Time to RSVP Response

A cumulative curve showing how quickly guests respond after an invitation goes out — what share have replied within an hour, a day, a week. Switch the range between 12h, 24h, and 7d. A slow curve tells you a reminder is worth sending; a fast one tells you your timing is already working.

Not every invitation carries the same weight. A note from the right partner outperforms a generic blast. These charts show whose outreach converts.

RSVP Rate by Invite Sender

For each sending address, a bar shows the unique guests reached and a line shows the acceptance rate. Sort by Guest Count or Invites Sent. This is how you find out that dinners sent from the partner’s own inbox convert at twice the rate of the shared events address.

RSVP Rate by Guest Source

The same view, grouped by who owns the guest relationship — the colleague whose network an invitee came from. Rates are capped at 100%, so the comparison stays honest. It surfaces which relationships reliably turn invitations into attendance.

One chart tracks how your guest base is building. Toggle between Cumulative and Per-period to see either the running total or the pace of additions, and between Total and Unique Guests to separate raw volume from distinct people.

Flip to Unique Guests to see how much of your growth is new relationships versus re-inviting the people you already know.

The dashboard is for patterns. The table is for pulling exact numbers — and handing them to someone who wants a spreadsheet.

Switch from Dashboard to Table for a row per event with every metric in columns. The Search Events and Event Tags filters carry over from the dashboard, so whatever slice you were looking at is already applied here.

Sorting and drilling in

  1. Click any column header to sort — by RSVP rate, invitations sent, or any other metric.

  2. Narrow the list further with Search Events or the Event Tags filter (the same dashboard controls).

  3. Click an event name to jump straight to that event’s guest list.

Exporting to CSV

Export the table — in its current sort and filter state — from the menu in the table header. Two formats are available:

  • CSV — standard, for any tool.
  • CSV (Excel) — encoded so it opens cleanly in Excel.

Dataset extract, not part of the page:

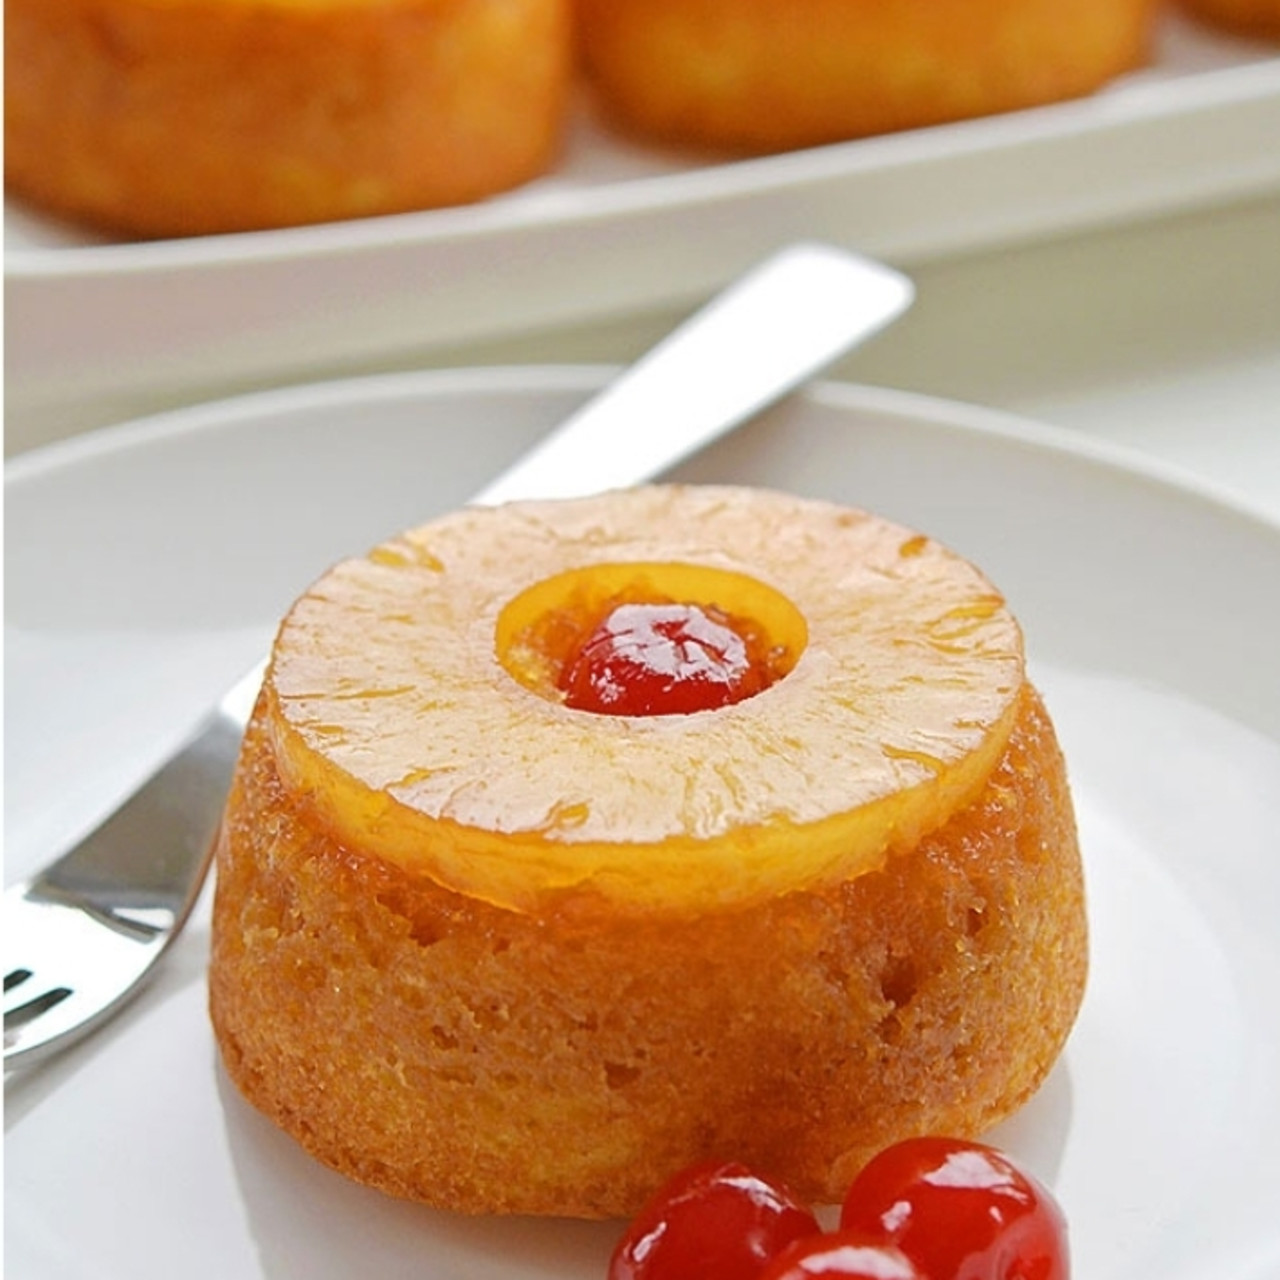 Pineapple upside-down cake recipe | BBC Good Food

The file downloads as Gatsby-Reporting-[date].csv.

Matches your events

Counts that reconcile.

RSVP totals use the same buckets as each event's own summary. Reporting and the event always agree.

Honest signals

Visited, not vanity.

Real page visits — not unreliable email open and click tracking dressed up as engagement.

Loads fast

Answers first.

The top-line numbers appear immediately; each chart streams in as it's ready.

Where do I find Reporting?

Go to Reporting in the main navigation. It opens on the Dashboard, showing analytics across all your events.

Why do the numbers finally match my event page?

Reporting and each event’s RSVP summary now read from one shared set of status buckets. Every RSVP status lands in the same bucket in both places, so the totals reconcile guest for guest — no more explaining why two screens disagree.

Are my dateless Lists included?

No. Reporting covers events with dates. Lists — newsletters, directories, ongoing contact groups — are excluded so they don’t distort your event metrics.

Does Reporting track email opens and clicks?

No. Gatsby tracks Visited — guests who reached your RSVP page — rather than email opens or clicks, which mail providers report inconsistently. Visited is the signal you can act on.

Can I report on a single date range or a set of events?

Yes. The RSVP Rate by Event and Time to Response charts have their own timeframe and custom-date controls, and the whole dashboard filters by event name and event tag.

Can I get this data out of Gatsby?

Yes. The Table view exports to CSV and Excel-encoded CSV in your current sort and filter state. For live, ongoing sync of attendance and RSVP data into your CRM, see Integrations.